- Input material:

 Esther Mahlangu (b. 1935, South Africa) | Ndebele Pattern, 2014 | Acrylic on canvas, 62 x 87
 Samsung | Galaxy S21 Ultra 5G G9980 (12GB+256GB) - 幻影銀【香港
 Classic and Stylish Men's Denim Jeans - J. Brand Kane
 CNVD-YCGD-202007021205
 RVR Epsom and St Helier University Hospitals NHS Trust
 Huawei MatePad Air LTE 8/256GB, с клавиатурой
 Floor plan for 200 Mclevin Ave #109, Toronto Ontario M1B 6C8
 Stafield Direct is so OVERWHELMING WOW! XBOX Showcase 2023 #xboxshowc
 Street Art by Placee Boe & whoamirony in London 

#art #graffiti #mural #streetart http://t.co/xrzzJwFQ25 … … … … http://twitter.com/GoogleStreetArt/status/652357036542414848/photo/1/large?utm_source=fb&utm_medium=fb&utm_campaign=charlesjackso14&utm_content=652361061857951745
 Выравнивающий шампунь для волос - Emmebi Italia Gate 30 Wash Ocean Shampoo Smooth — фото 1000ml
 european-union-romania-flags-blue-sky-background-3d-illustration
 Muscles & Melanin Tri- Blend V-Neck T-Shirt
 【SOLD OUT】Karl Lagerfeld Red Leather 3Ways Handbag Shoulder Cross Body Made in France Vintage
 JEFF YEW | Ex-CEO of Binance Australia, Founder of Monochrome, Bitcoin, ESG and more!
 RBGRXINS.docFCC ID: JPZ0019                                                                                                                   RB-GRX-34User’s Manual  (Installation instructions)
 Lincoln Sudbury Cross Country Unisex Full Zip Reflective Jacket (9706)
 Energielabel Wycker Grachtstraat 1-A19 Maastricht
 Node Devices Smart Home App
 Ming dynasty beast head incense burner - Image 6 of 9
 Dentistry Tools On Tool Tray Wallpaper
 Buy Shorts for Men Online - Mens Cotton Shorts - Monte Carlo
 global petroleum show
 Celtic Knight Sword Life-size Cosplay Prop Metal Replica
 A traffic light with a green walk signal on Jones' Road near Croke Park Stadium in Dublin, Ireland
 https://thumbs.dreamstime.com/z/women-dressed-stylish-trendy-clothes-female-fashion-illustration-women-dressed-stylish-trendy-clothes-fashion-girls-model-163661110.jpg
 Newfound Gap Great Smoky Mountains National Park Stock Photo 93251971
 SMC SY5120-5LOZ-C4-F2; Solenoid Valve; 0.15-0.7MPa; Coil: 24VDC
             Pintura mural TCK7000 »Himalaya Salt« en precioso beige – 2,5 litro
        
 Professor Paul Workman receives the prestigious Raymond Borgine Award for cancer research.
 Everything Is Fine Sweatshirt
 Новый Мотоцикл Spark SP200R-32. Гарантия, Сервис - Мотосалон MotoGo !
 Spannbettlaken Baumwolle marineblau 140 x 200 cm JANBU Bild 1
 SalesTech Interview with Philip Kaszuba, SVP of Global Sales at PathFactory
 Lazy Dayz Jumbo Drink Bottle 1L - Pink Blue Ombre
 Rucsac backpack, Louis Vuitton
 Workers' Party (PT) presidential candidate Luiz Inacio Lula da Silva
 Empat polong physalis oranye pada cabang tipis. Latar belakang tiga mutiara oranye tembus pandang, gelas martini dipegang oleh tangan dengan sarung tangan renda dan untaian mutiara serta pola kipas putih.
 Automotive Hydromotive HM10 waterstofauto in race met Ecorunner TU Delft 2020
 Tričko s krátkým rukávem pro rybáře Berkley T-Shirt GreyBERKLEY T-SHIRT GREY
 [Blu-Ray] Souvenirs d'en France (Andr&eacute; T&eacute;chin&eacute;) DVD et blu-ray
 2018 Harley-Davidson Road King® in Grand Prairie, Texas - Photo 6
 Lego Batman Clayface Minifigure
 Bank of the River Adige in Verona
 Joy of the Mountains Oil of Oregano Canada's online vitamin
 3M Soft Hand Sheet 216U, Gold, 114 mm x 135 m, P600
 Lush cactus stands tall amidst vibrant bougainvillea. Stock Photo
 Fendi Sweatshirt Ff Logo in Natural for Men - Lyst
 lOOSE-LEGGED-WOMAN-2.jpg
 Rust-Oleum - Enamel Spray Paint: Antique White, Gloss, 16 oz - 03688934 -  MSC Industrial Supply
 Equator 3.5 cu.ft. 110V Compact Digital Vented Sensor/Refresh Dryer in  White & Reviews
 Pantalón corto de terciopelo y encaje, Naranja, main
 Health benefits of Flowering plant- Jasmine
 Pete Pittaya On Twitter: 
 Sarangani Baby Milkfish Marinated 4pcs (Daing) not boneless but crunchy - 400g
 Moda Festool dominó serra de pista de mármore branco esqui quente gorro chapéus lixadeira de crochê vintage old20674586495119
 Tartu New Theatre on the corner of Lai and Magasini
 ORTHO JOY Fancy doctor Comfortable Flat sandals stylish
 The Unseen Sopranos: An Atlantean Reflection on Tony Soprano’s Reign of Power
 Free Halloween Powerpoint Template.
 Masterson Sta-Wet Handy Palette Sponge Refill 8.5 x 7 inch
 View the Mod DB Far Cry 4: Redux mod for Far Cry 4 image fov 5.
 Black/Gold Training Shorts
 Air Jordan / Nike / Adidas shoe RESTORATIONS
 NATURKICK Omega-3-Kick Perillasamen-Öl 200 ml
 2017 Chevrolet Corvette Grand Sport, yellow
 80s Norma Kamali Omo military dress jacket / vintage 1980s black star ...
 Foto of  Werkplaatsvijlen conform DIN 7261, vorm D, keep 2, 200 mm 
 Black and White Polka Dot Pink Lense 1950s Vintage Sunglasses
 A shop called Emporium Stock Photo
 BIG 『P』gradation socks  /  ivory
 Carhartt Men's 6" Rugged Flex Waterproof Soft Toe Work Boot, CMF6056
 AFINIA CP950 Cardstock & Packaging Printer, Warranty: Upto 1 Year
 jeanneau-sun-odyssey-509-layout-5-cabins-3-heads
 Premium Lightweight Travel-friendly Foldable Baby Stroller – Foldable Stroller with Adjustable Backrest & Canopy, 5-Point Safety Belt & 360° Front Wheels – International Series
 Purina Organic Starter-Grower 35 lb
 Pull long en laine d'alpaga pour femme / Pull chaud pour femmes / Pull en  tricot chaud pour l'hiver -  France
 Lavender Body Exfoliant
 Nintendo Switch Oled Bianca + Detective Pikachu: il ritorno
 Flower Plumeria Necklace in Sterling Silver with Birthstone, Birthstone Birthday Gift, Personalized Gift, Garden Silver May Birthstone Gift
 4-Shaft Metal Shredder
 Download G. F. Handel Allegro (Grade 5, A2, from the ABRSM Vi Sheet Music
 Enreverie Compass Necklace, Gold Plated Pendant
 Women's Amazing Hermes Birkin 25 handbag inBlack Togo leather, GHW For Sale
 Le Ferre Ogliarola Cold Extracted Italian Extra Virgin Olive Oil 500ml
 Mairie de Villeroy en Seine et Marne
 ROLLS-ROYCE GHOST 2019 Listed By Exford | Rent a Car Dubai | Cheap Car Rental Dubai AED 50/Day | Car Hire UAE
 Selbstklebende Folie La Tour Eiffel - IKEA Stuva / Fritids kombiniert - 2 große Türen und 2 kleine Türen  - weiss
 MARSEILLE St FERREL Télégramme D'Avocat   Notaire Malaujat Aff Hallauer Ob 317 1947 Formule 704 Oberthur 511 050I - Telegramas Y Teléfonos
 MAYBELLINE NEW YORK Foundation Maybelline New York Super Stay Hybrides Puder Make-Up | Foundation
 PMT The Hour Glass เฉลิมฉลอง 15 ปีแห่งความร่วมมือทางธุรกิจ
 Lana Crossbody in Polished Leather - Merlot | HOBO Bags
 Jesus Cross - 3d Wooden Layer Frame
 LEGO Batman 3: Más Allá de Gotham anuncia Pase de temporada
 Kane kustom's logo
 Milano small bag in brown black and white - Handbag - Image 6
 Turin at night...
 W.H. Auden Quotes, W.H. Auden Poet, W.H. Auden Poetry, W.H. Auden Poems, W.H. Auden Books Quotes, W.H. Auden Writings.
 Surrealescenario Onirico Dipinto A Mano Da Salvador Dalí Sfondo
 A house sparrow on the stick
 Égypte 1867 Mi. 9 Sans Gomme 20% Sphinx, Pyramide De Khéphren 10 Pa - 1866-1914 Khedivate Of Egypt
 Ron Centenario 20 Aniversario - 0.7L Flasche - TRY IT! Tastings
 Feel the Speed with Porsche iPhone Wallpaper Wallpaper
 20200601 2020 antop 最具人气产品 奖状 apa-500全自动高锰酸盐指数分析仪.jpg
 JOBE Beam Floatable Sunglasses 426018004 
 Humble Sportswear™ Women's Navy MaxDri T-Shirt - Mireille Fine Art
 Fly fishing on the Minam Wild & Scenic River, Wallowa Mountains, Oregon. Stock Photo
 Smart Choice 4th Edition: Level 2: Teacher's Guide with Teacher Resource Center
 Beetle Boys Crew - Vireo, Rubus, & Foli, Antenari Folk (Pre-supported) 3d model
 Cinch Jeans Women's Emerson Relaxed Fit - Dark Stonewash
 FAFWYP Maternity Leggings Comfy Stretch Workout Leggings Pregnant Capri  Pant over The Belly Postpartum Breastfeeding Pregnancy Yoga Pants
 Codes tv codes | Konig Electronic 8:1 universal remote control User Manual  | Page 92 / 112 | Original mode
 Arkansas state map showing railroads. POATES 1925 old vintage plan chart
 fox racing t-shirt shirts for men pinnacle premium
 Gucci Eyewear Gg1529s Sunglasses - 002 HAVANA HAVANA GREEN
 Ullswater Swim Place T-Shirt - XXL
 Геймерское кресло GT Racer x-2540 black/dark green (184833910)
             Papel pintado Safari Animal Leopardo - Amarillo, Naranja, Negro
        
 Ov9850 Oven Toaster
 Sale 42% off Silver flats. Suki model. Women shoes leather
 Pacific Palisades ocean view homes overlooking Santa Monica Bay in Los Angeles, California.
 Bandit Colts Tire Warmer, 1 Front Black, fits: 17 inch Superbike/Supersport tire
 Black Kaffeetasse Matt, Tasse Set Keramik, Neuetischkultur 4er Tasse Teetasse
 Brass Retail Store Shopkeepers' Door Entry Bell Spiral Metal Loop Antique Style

- Your assignment: What lines of the material above include "River"? Copy each one.

- Answer section:
 Bank of the River Adige in Verona
 Fly fishing on the Minam Wild & Scenic River, Wallowa Mountains, Oregon. Stock Photo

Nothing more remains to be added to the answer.